A phone with earphones plugged in, displaying the Spotify logo. “spotify musique mp3” by downloadsource.fr is licensed under CC BY 2.0.
In 2016, Spotify launched a viral campaign called “Spotify Wrapped,” which aggregates users’ listening activity and info from the past year, showing key statistics like how many minutes of music they listened to, their top artists, genres, and songs. Since then, people have annually taken to social media to post the highlights of their Spotify Wrapped and reflect on their public-facing reputation. Streaming services like Spotify and Apple Music feature social media-like interfaces, including a profile, friends list, and listening activity streams, which broadcast private listening activity to virtual communities. Features like these pose questions about how data collection and streaming shape how we perform our identities.
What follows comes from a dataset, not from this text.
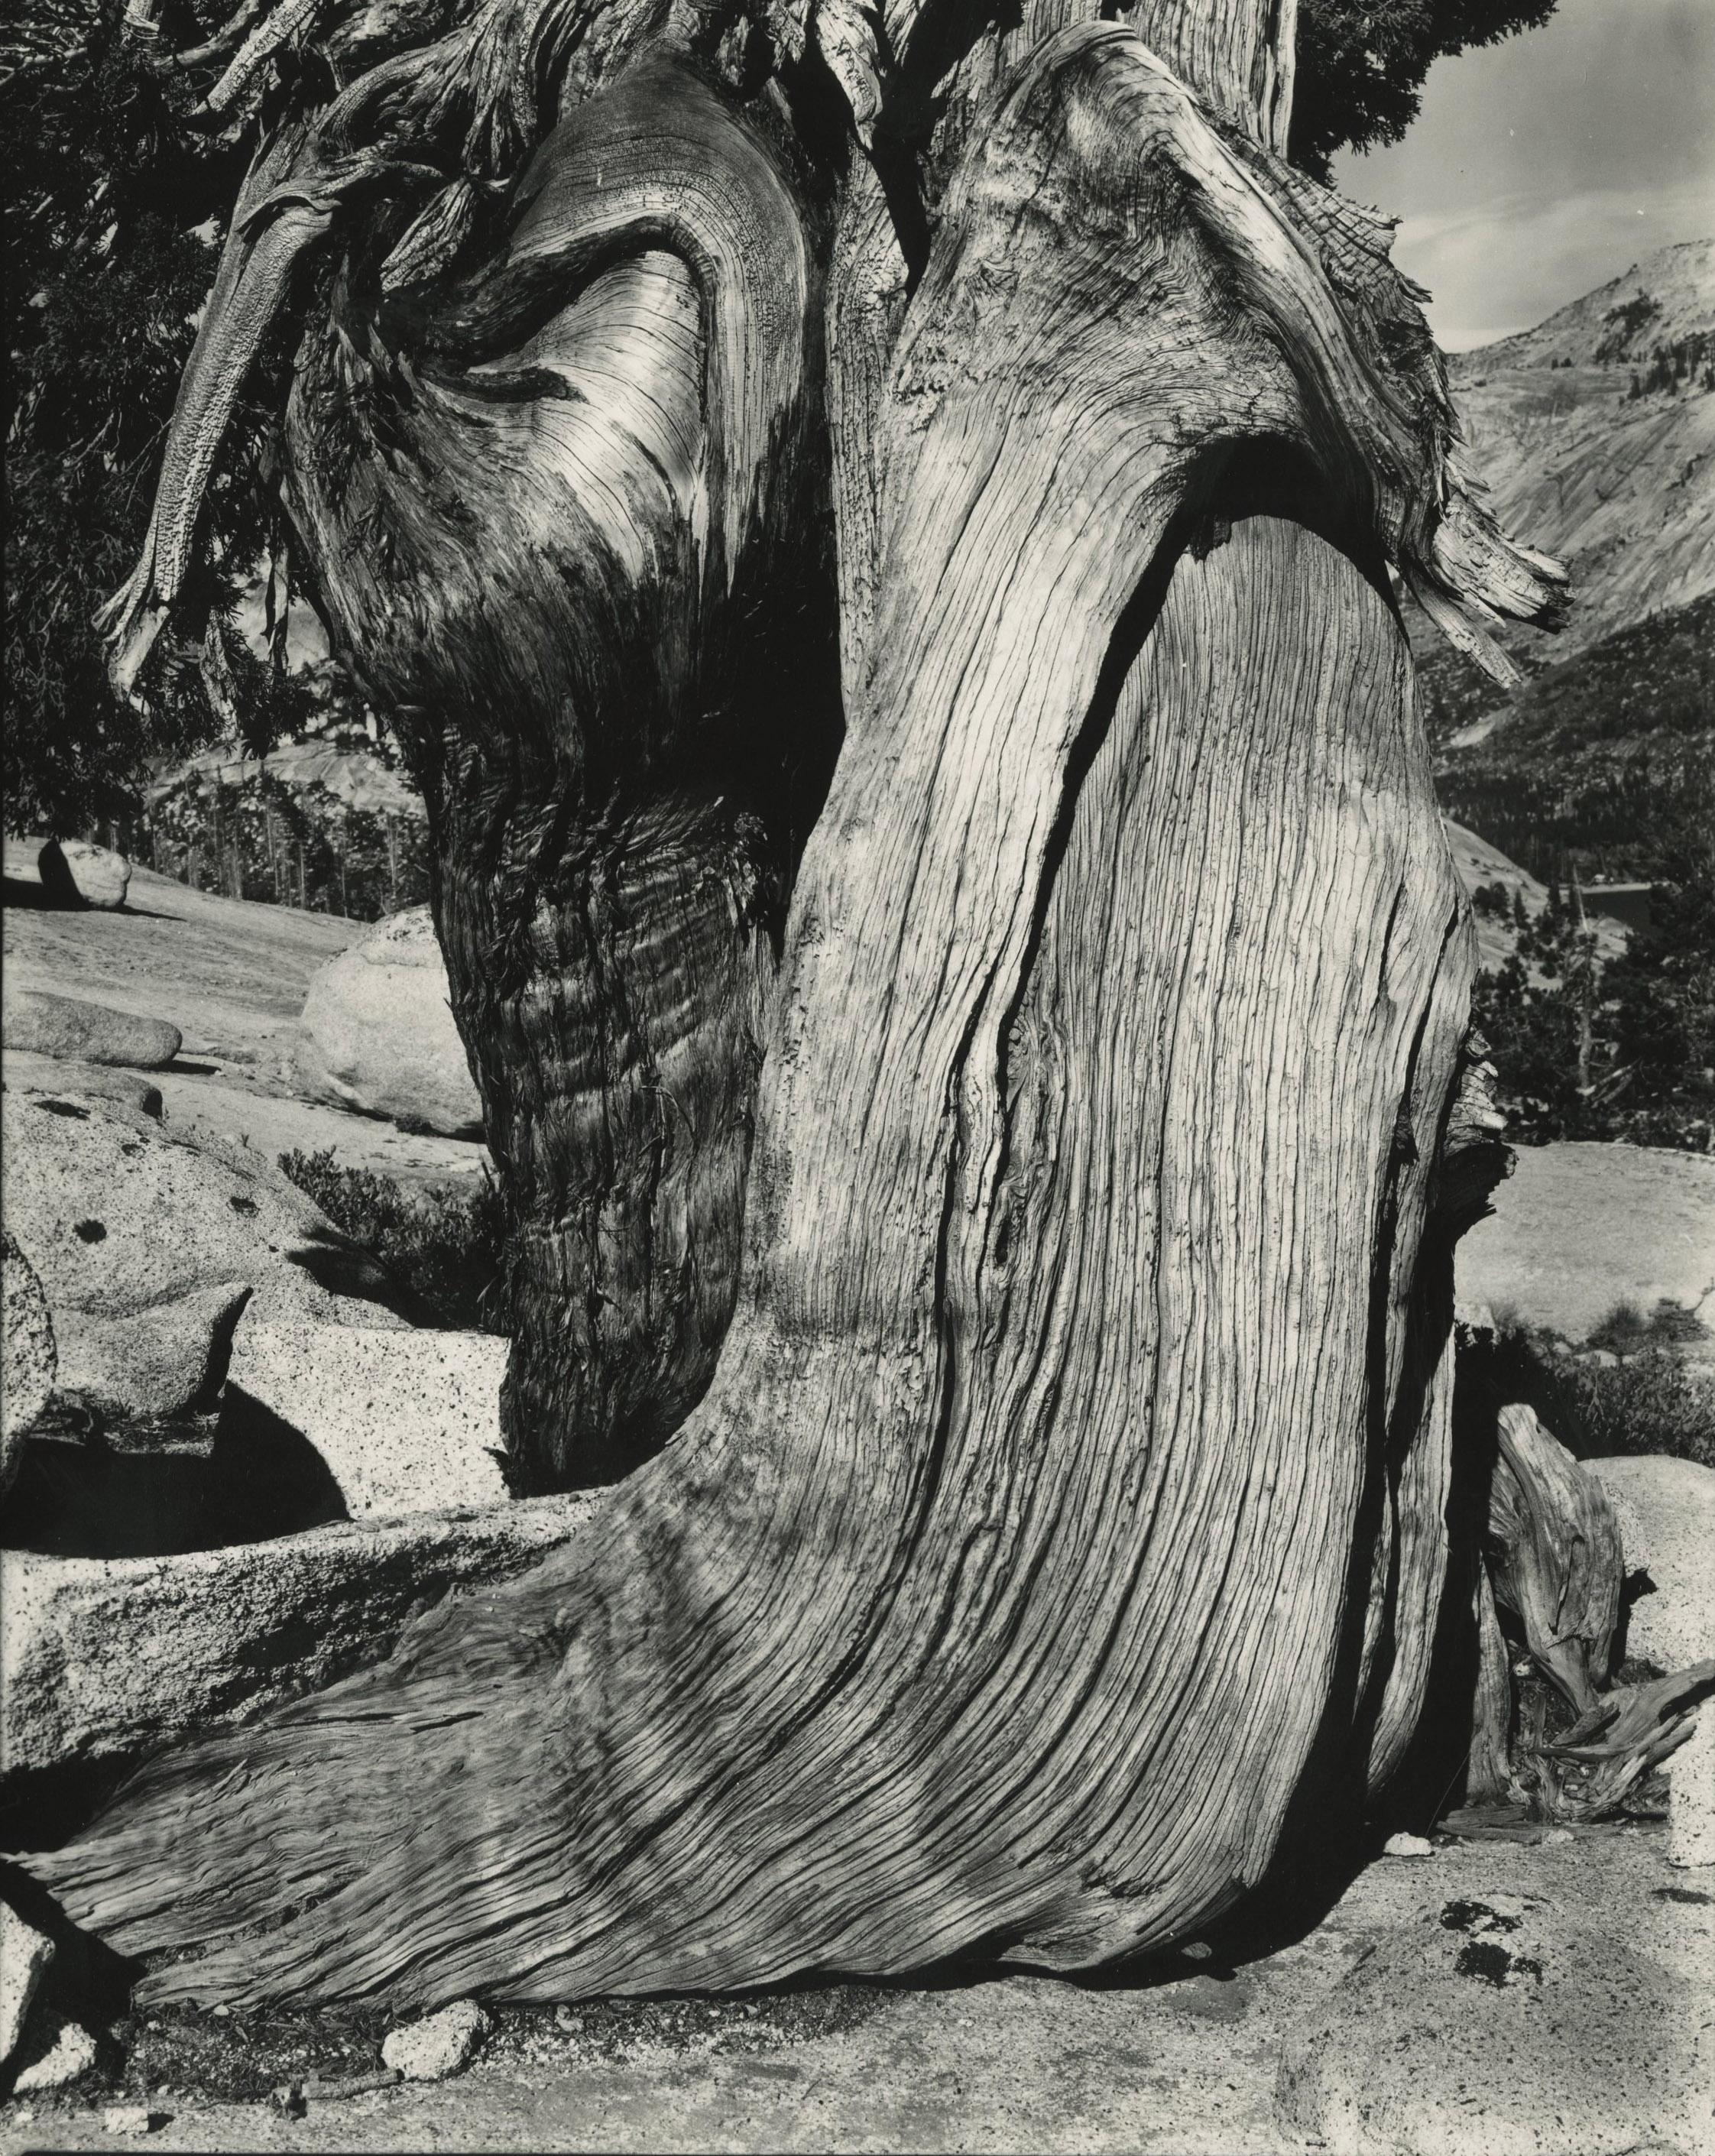 Why is Edward Weston so important in the world of photography?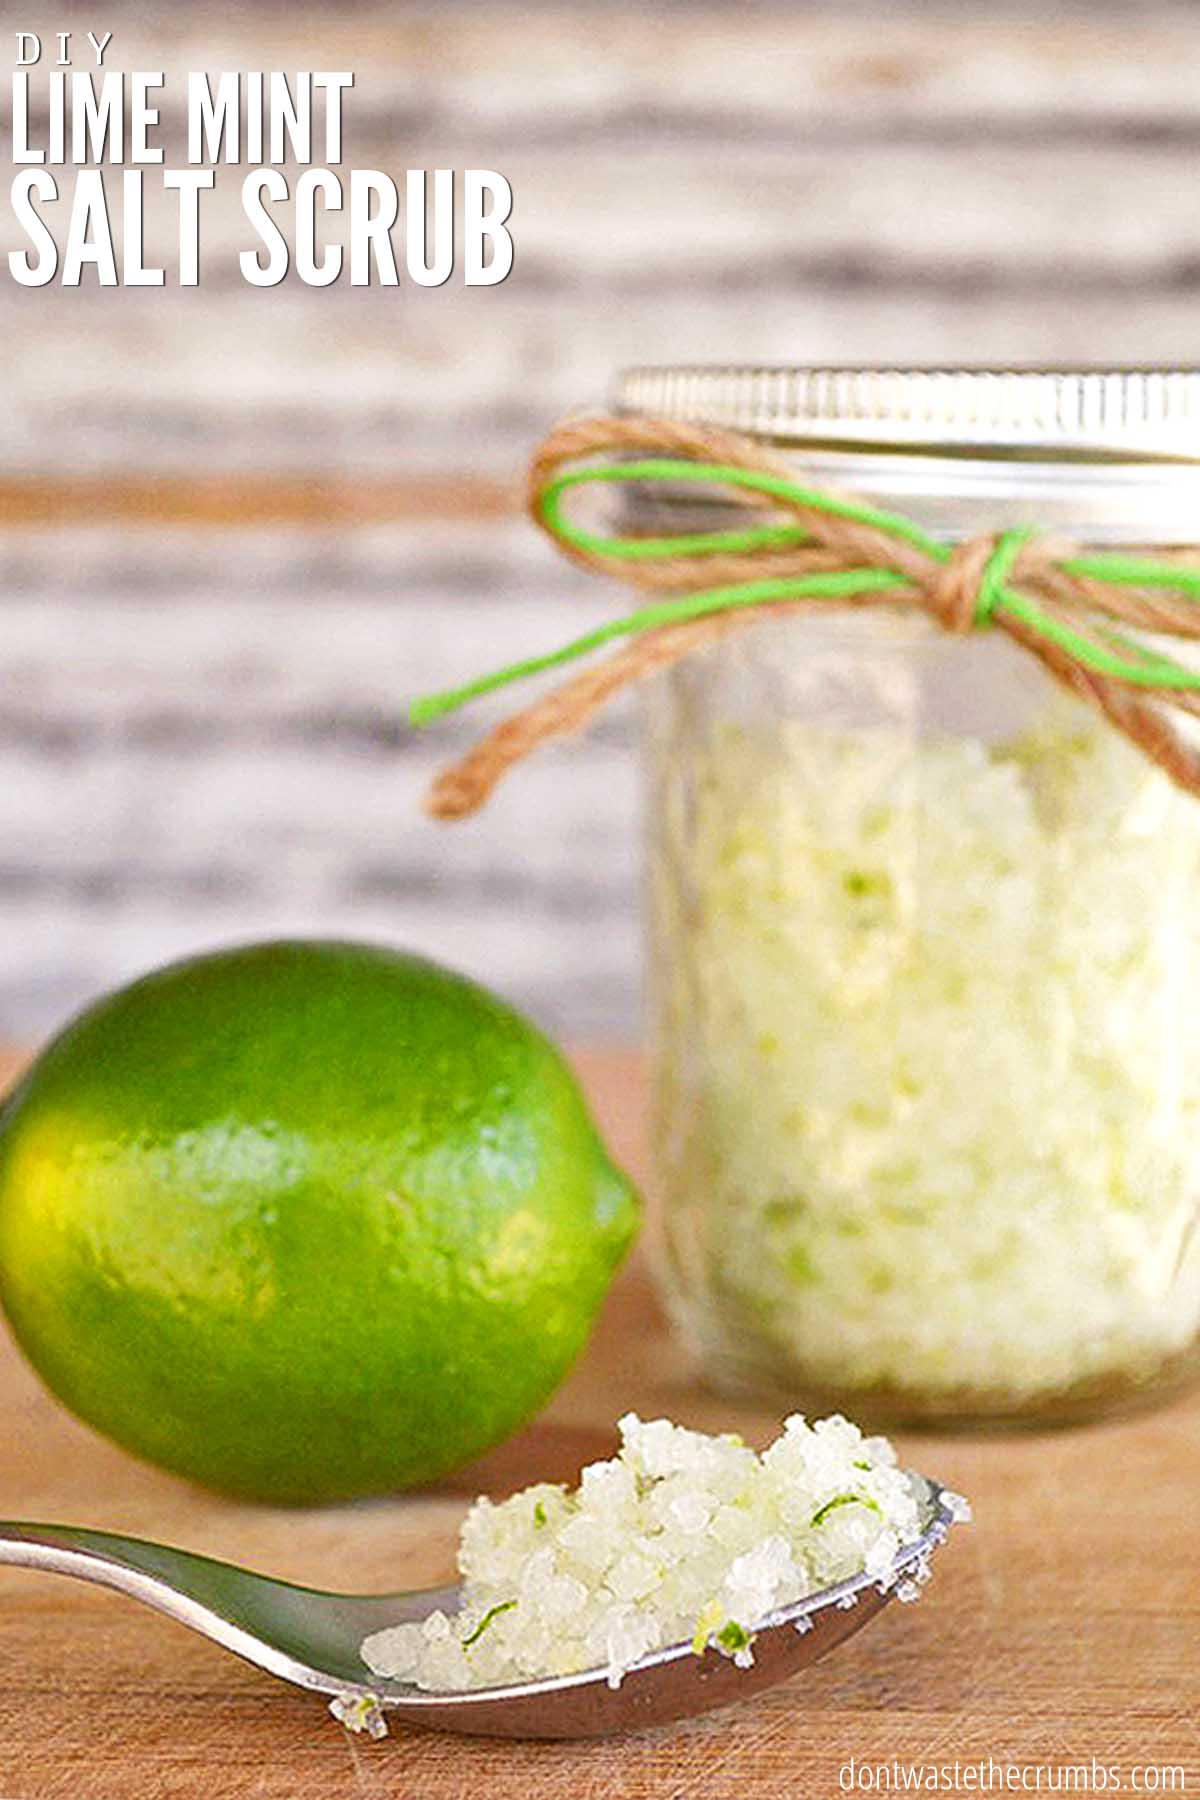 Spoonful of homemade body scrub and a lime nearby. There is a mason jar with lime mint salt scrub behind the spoon. Text overlay reads, "DIY Lime Mint Salt Scrub".

In a recent article, Michael James Walsh argues that self-presentation via social media contributes to the blurring between our public and private identities. Walsh draws from Erving Goffman, who likens interactions to performances on a stage. The front stage is carefully managed to ensure a convincing performance to others, while the backstage is where we prepare for these performances. In the backstage, nobody is watching, so we can be our “true selves.”
Through interviews with music streaming service users in Australia during COVID-19, Walsh found that blending social media and music listening enables distant individuals to monitor and react to each other’s taste in music. Spotify’s social media-like features heighten user’s consciousness of what they are listening to and how their social networks may react. One interviewee expressed discomfort with how their music and state of mind are broadcasted to their social networks: “Sometimes you listen to things in a personal context. You don’t necessarily want to communicate how you’re feeling with other people.” Another interviewee cited the Spotify Wrapped feature as a source of undesired self-consciousness: “There’s that wrap up at the end of the year. So, I’m also slightly conscious of how much I’m listening to something and, you know, like it’s not… is it embarrassing, but is it?”Walsh finds that users also feel resigned to the sheer amount of data collection we experience today. Compared to previous eras of private listening, from records to cassette tapes to CDs to iPods, streaming services make listening activity broadcastable to friends and followers and recorded by companies. Ultimately, this article highlights how the social media-like features of music streaming today contribute to worries about our public reputation and the burden of constant data collection.